Es gibt einen Unterscheid zwischen der Vergebungsbereitschaft und dem Zuspruch der Vergebung. John Stott bringt das gut auf den Punkt:
In Lukas 17,3-4 wird eine ähnliche Lehre Jesu aufgezeichnet, jedoch mit einem wichtigen Zusatz: „Wenn dein Bruder oder deine Schwester gegen dich sündigt, so weise sie zurecht; und wenn sie es bereuen, so vergib ihnen. Auch wenn sie siebenmal an einem Tag gegen dich sündigen und siebenmal zu dir zurückkommen und sagen: ‚Ich bereue‘, musst du ihnen vergeben.“
Der Abschnitt im Matthäusevangelium konzentriert sich auf das Zurechtweisen eines Bruders; dieser Abschnitt im Lukasevangelium konzentriert sich eher auf das Vergeben. Wir sollen einen Bruder zurechtweisen, wenn er gegen uns sündigt; wir sollen ihm vergeben, wenn er bereut – und nur, wenn er bereut.

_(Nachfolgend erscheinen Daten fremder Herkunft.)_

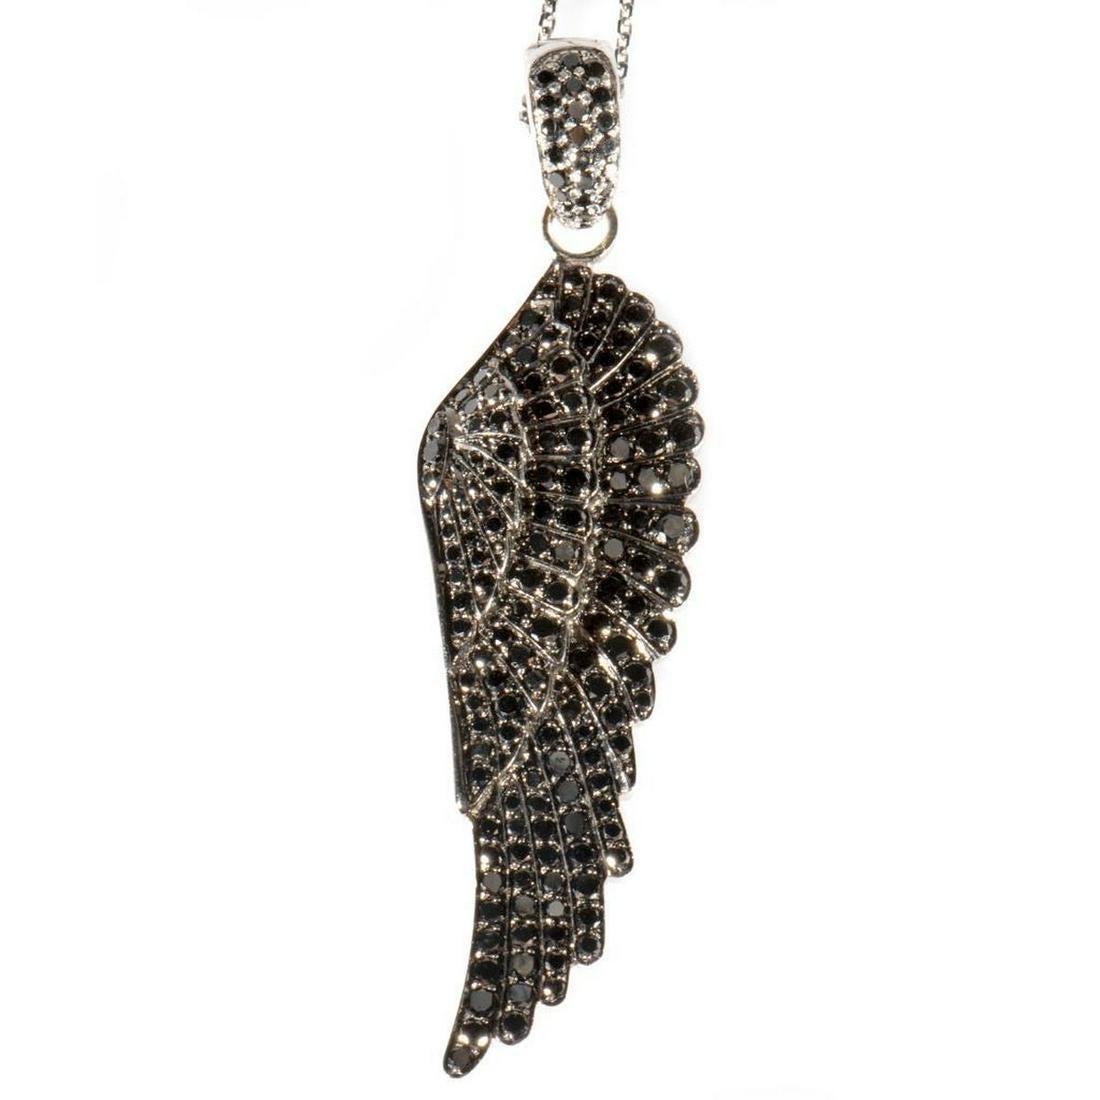 Black diamond, 18k white gold feather pendant-enhancer

Wir müssen uns davor hüten, die Vergebung zu bagatellisieren. Obwohl Gottes Vergebung für uns und unsere Vergebung füreinander ganz unterschiedlich sind (da Gott Gott ist und wir nur Privatpersonen und außerdem Sünder sind), sind beide doch von der Reue abhängig. Wenn ein Bruder, der gegen uns gesündigt hat, sich weigert, Buße zu tun, sollten wir ihm nicht verzeihen.

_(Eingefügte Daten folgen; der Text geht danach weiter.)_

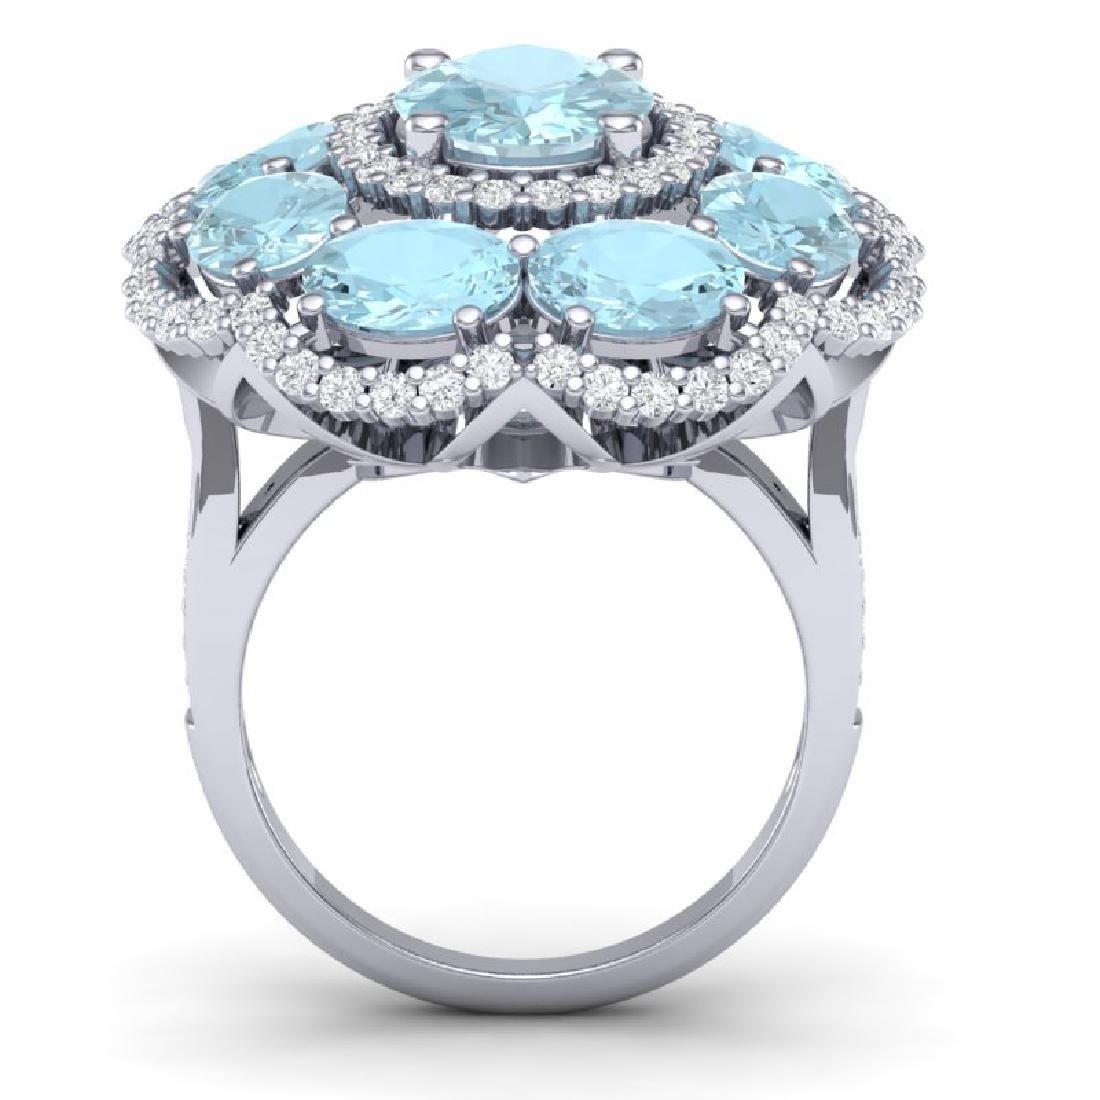 14.89 CTW Royalty Sky Topaz & VS Diamond Ring 18K White - 3

Erschreckt Sie das? Es ist das, was Jesus gelehrt hat. Oh, wir müssen ihm in dem Sinne „vergeben“, dass unsere Gedanken ihm gegenüber frei von jeder Feindseligkeit und voller Liebe sind. Aber das ist nicht die christliche Vergebung. „Vergebung“ bedeutet mehr als das; sie beinhaltet die Wiederherstellung der Gemeinschaft. Wenn wir einem sündigenden und unbußfertigen Bruder die volle und innige Gemeinschaft mit uns selbst wiedergeben können, offenbaren wir nicht die Tiefe unserer Liebe, sondern ihre Oberflächlichkeit, denn wir tun das, was nicht zu seinem höchsten Wohl ist. Eine Vergebung, die die Notwendigkeit der Reue umgeht, entspringt nicht der Liebe, sondern der Sentimentalität.